Summary

This is a demo project in an effort to demonstrate the following basic ideas of the Microservice Architecture:

  1. Central API management
  2. Central Error Handling
  3. Batch management of components
  4. Aggregating results of multiple components using the Edge Server design pattern.
  5. Testing microservices and API mocking.

1. Central API management

Relevant code can be found in the api module, classpath:se.magnus.api.

By defining our URL mappings in interfaces, we can have the corresponding controllers implement these interfaces where they automatically get the URL mappings of our API. For example, se.magnus.microservices.core.product.ProductServiceImpl is a RestController that implements the se.magnus.api.product.ProductService interface.

2. Central Error Handling

API implementations use the exceptions in the util module to signal errors. They will be reported back to the REST client as HTTPS status codes indicating what went wrong.

Note that Spring itself returns the HTTP status code 400 ( BAD_REQUEST) when it detects an invalid request, for example, if the request contains a non-numeric productId (productId is specified as an integer in the API declaration).

3. Batch management of components

Note: From a DevOps (You build it, you run it) perspective, a multi-project setup might not be preferred. Instead, setting up a separate build pipeline for each microservice project would probably be preferred. However, for the purposes of demonstration, we will use the multi-project setup to make it easier to build and deploy the whole system landscape with a single command.

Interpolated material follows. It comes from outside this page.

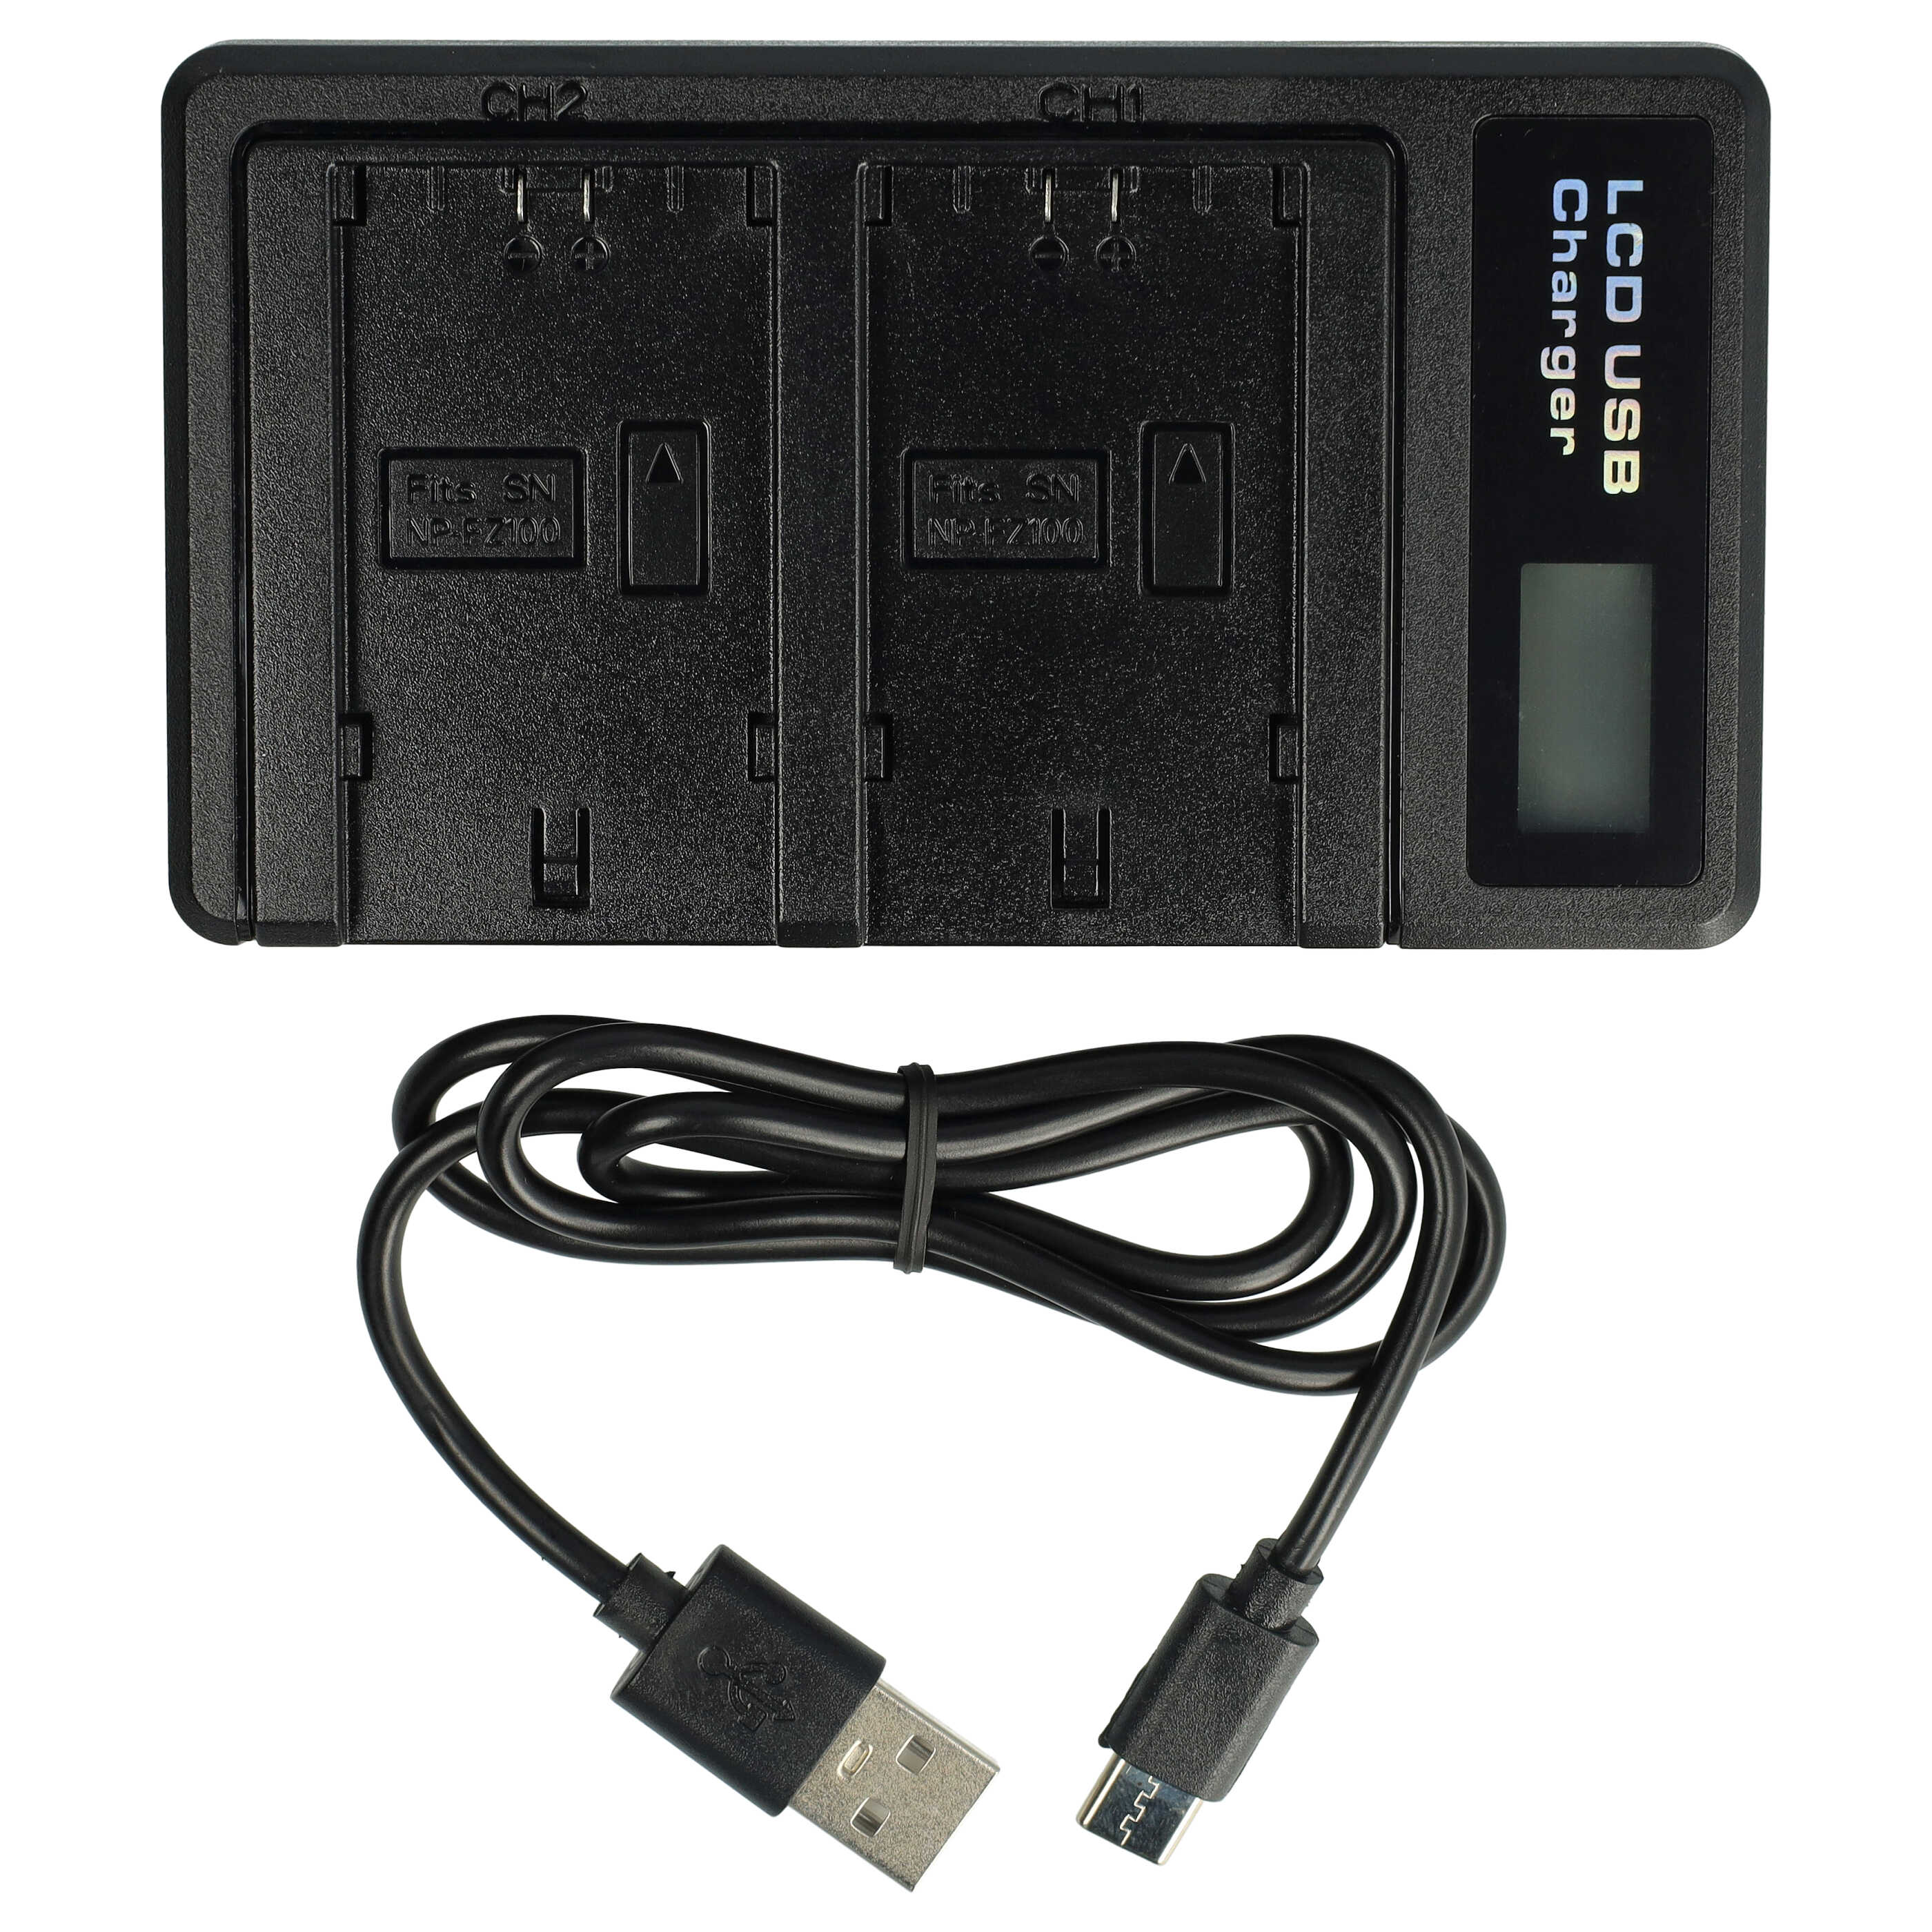 Battery Charger suitable for Sony NP-FZ100 Camera etc. - 0.5 A, 8.4 V

By using Gradle, we can add the following to settings.gradle of the project root:

include ':microservices:product-service'
include ':microservices:review-service'
include ':microservices:recommendation-service'
include ':microservices:product-composite-service'
include ':api'
include ':util'

Now we can build all the components using ./gradlew build

If using the Idea IntelliJ IDE, we can also manage our services easily. For example, we can starting and terminating all our services at the same time:

image-20210531172049371

Otherwise, we would need to do something like java -jar microservices/product-composite-service/build/libs/*.jar for all our services.

4. The Edge Server design pattern

The product-composite-service module demonstrate the idea of an edge server, a server that has its API exposed to outside requests. When clients make request to our edge server, our edge server acts as a reverse proxy that delegates the request to other known instances of our components. Then, the edge server is responsible for aggregating the results returned from the components and respond a carefully tailored "Summary" to the client. Note that many of the classes used by the product-composite-service module are under se.magnus.api for the purpose of centralized API management.

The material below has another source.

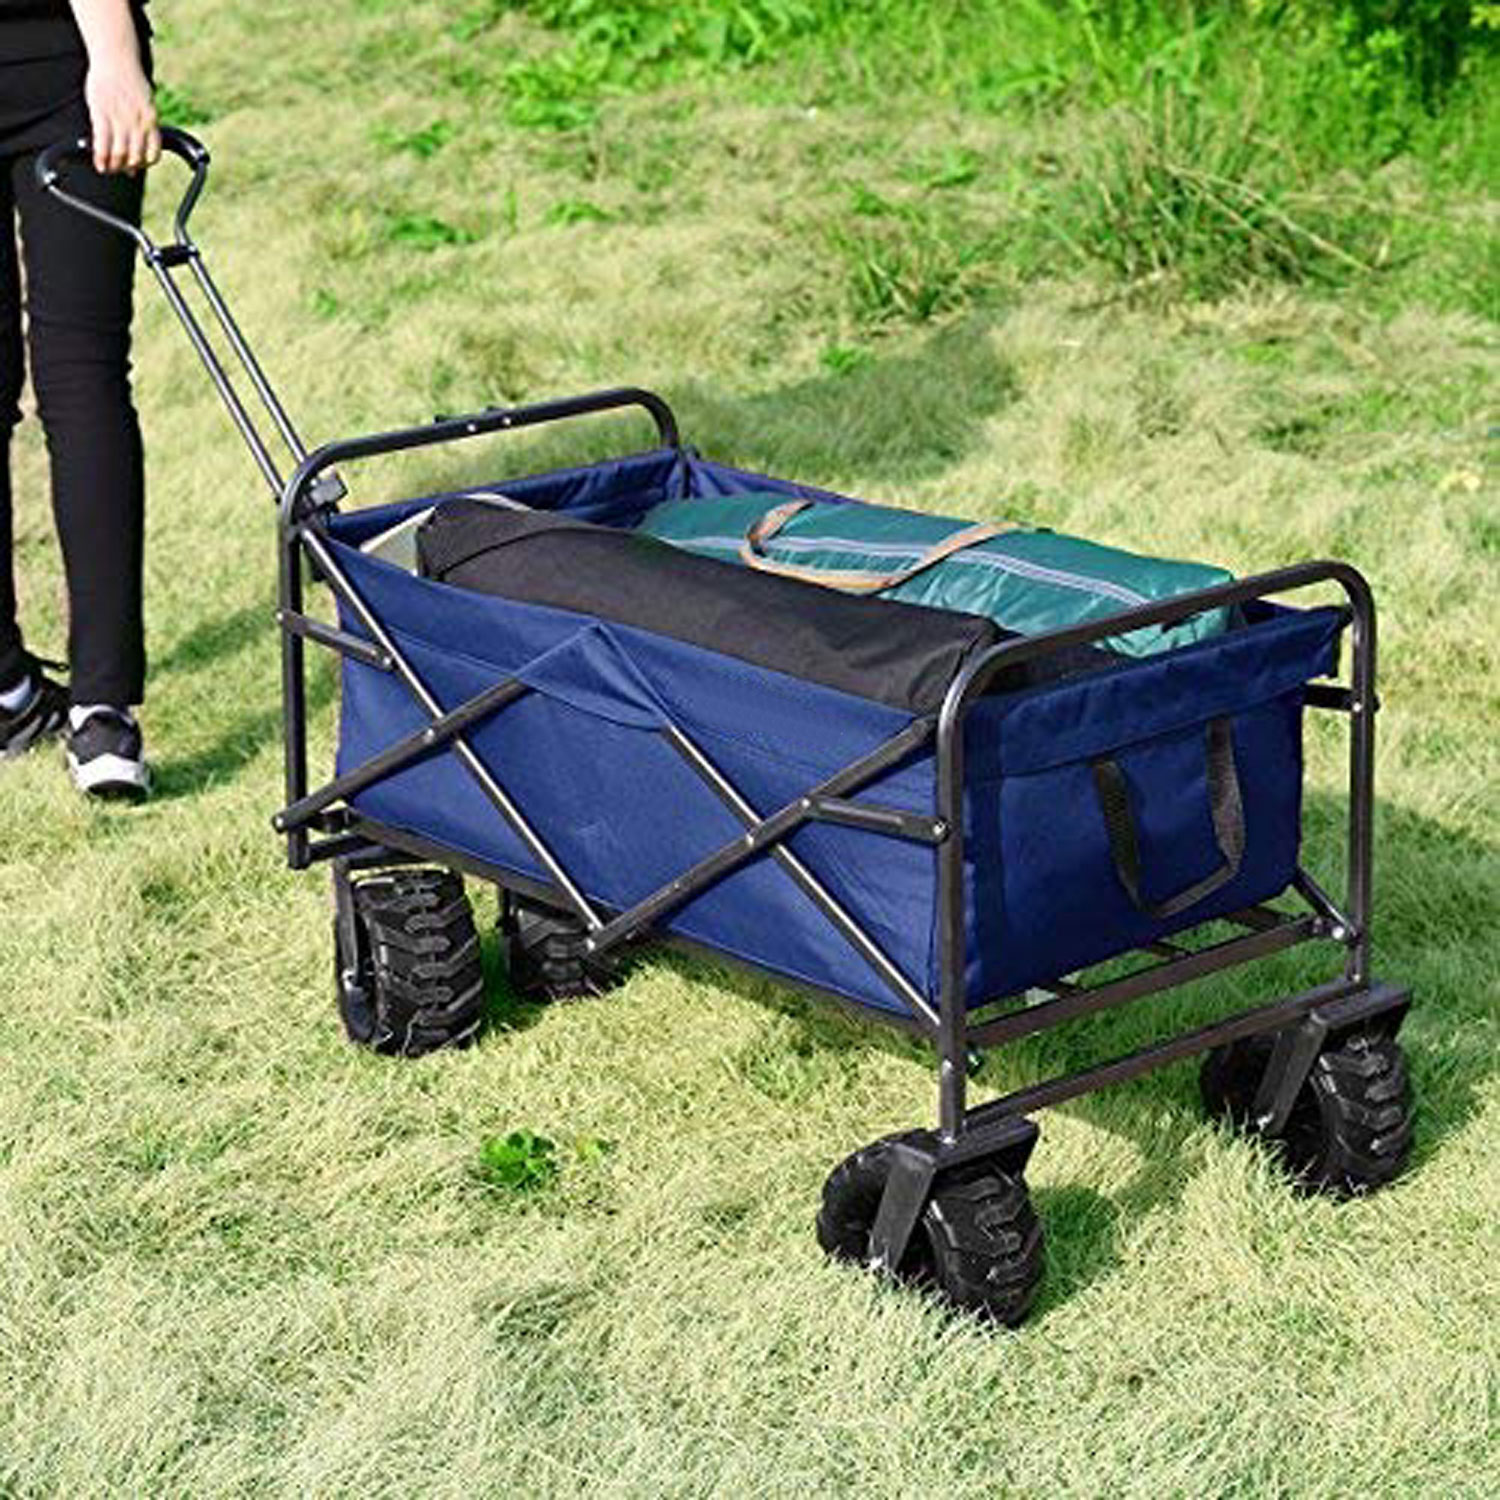 Sports Gardening Beach Utility Wagon 265 Pound Capacity for Outdoor Camping Picnic Shopping TOOCA Collapsible Wagon Folding Wagon Cart Outdoor Beach Wagon with Wide All Terrain Wheels

Also note that the current edge server is overly simple in a couple ways:

  • It does not do load balancing among multiple instances of the same component.
  • It does not hide the APIs of other components. So if somehow someone knows the URL of our non-edge components, they can access it freely. This is a serious security issue. This issue shall be resolved in later demo projects using Spring Security and Spring Cloud.
  • It does not implement the Service Discover pattern.
  • ... and many more

All the above problems shall be addressed in later projects.

5. Testing Microservices

Since we do not have much business logic at this time, we are not doing any unit test. Instead, we focus on testing the APIs that our microservices expose. We use the non-blocking reactive WebTestClient that came with Spring WebFlux.

These tests are located in the test folders of se.magnus.microservices.core.**

We can run all tests using ./gradlew test

The most important one to look at is probably tests of product-composite-service where the API mocking is happening.

5.1. Adding Semi-automated Tests of the Entire Landscape

Being able to automatically test each microservice in isolation is, of course, very useful, but insufficient!

We need a way to automatically test all of our microservices to ensure that they deliver what we expect!

At this stage of learning, we can achieve it by writing test scripts using something like Bash. Because we want portability even for our test scripts, a great choice would by Python or Go. However, as we will learn in later projects, we will be fully automating tests using Docker.

Note

It could be argued that a separate layer for the business logic should be added when implementing of the microservices. This should ensure that business logic is separated from the protocol-specific code, making it easier both to test and reuse. To avoid unnecessary complexity in the examples provided in this book, we have left out a separate layer for business logic, that is, the microservices implement their business logic directly in the @RestController components.